— Наши внутрипартийные битвы всегда интересны, но не как зрелище. В этом, товарищ Житомирский, с вами я не согласен.
— Кстати, здесь я Отцов. Так и называйте при людях, на случай — попадет потом мое имя в лондонскую печать. И вы твердо держитесь своей новой клички — Петровский. Это постановлено съездом и касается всех, хотя, в частности, нас с вами и не должно бы касаться. Мы после съезда в Россию возвращаться не будем, а здесь безопасно, не арестуют… Ну, а насчет зрелища — это же для красного словца. Представляете себе, к примеру, такую картину. Маленькая, уютная церковка, строгая готика — впрочем, вы это сами увидите, — внутри, поскольку она англиканская, великолепный двухсоттрубный орган, и вдруг из уст седеющего и похожего на патера Плеханова звучат такие слова: «Мы люди не робкие, у нас нет никаких оснований чувствовать страх перед своими противниками.
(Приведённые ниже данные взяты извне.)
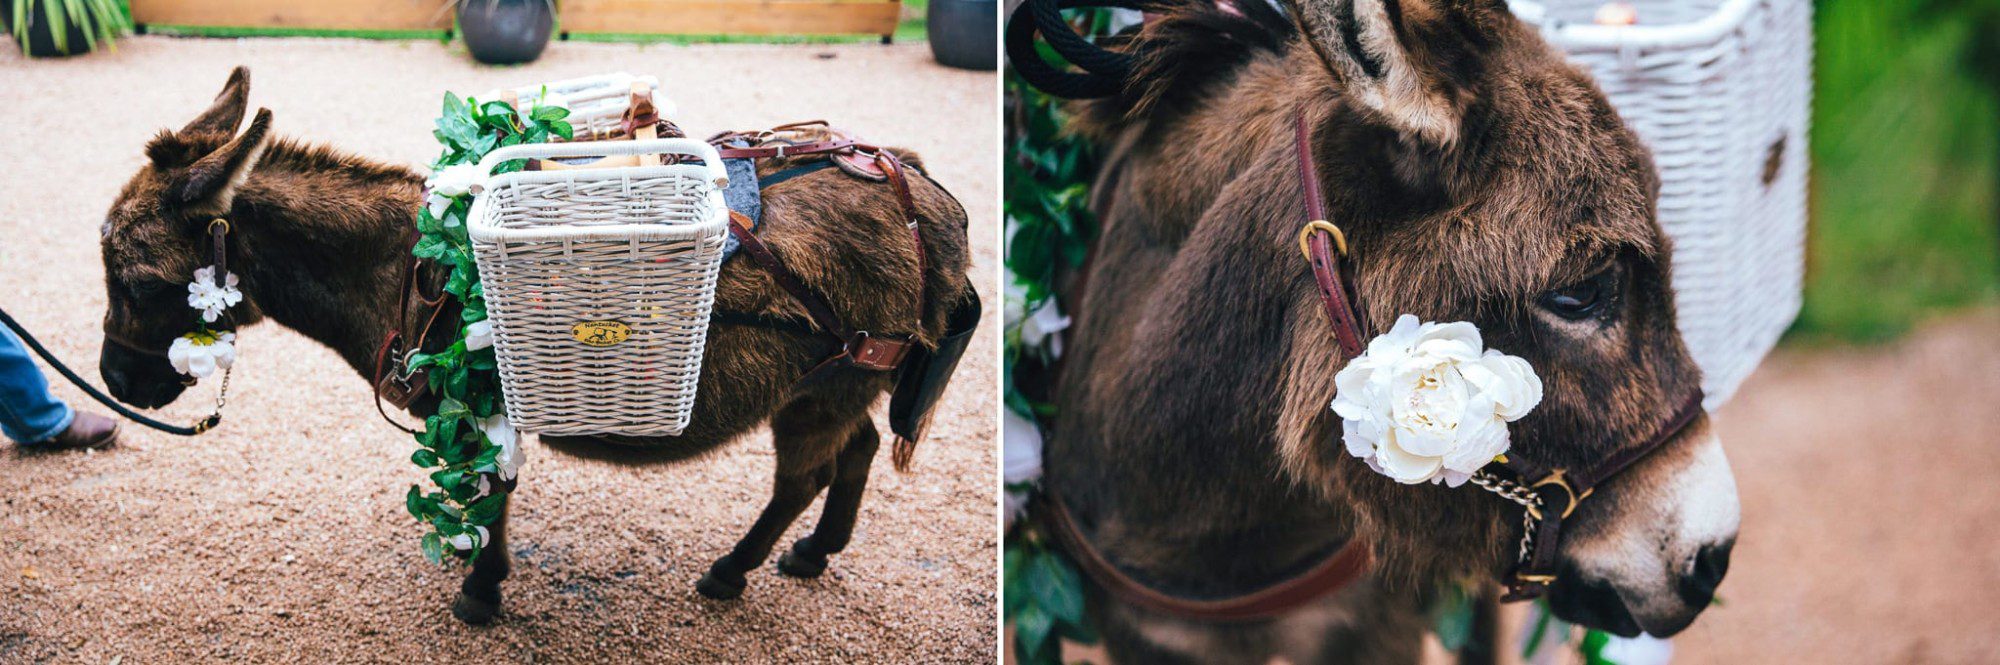 donkeys with baskets on saddle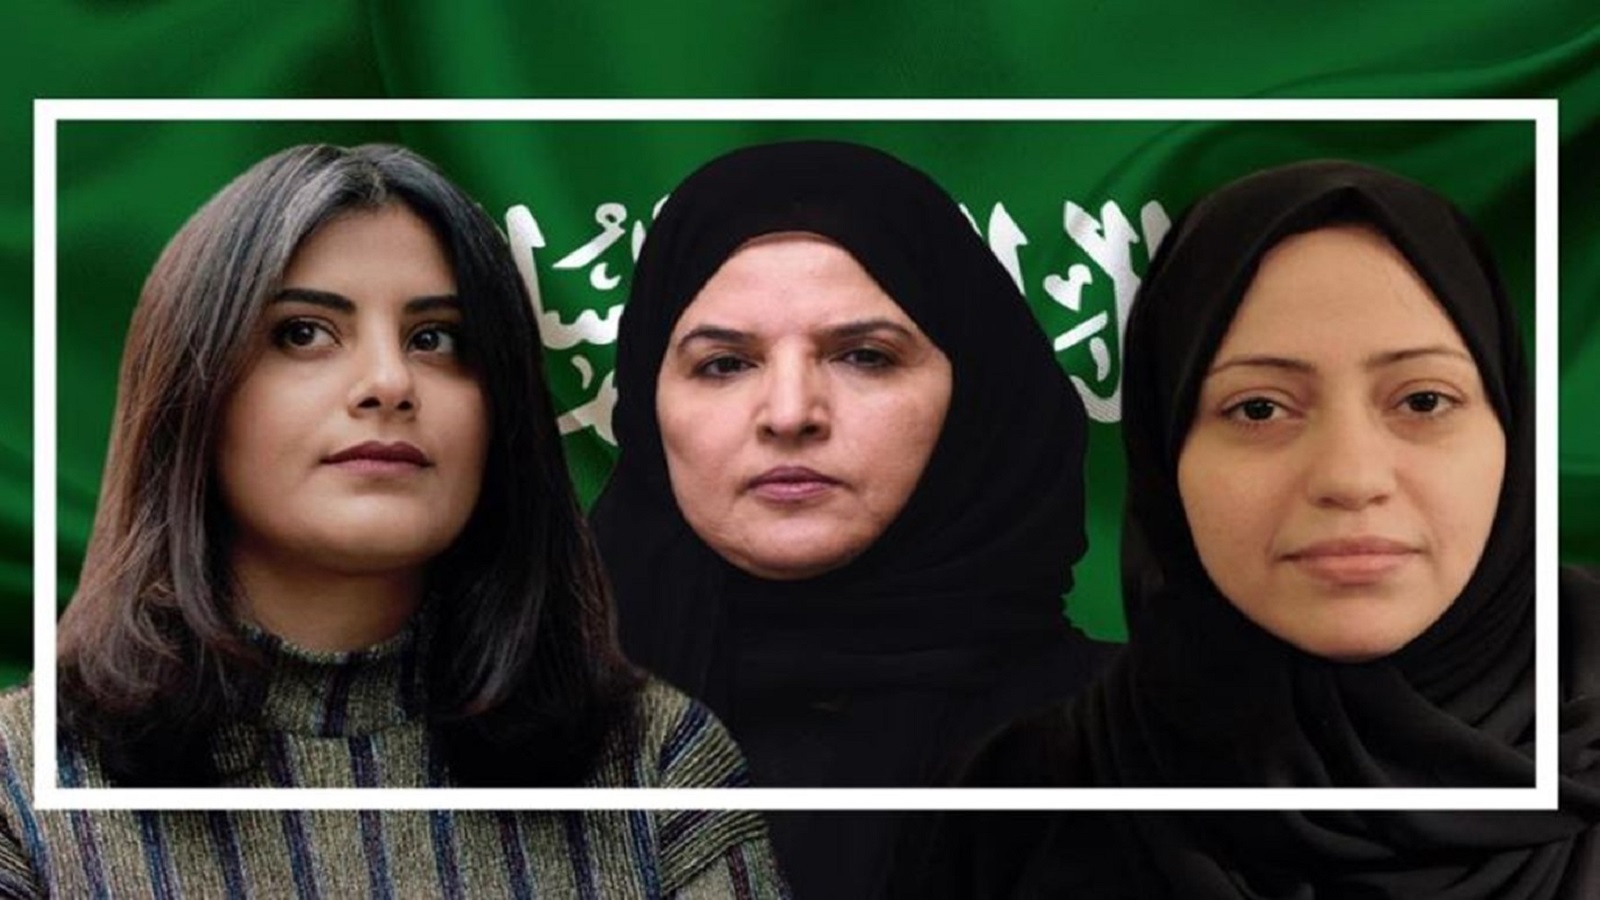 السعودية تتراجع عن اتهام النسوية بالتطرف

Однажды Бисмарк, споря с Либкнехтом, заявил: „Мы, немцы, никого не боимся, кроме бога!“ Либкнехт ему ответил: „А мы, социал-демократы, не боимся даже и бога!“ Так вот мы, меньшевики, еще бесстрашнее: мы не боимся не только бога, но и большевиков, которые страшнее бога!» И в этот момент на хорах кто-то из гостей нечаянно, а может быть, и с умыслом надавил на басовые клавиши органа.
— Забавно, — сказал Дубровинский, — прелестный анекдот. А политический смысл?
— Политический смысл, по Плеханову, прост. Большевиков и их сторонников сто семьдесят восемь, а меньшевиков со своей свитой сто пятьдесят четыре, но тем не менее, мол, большевики будут биты.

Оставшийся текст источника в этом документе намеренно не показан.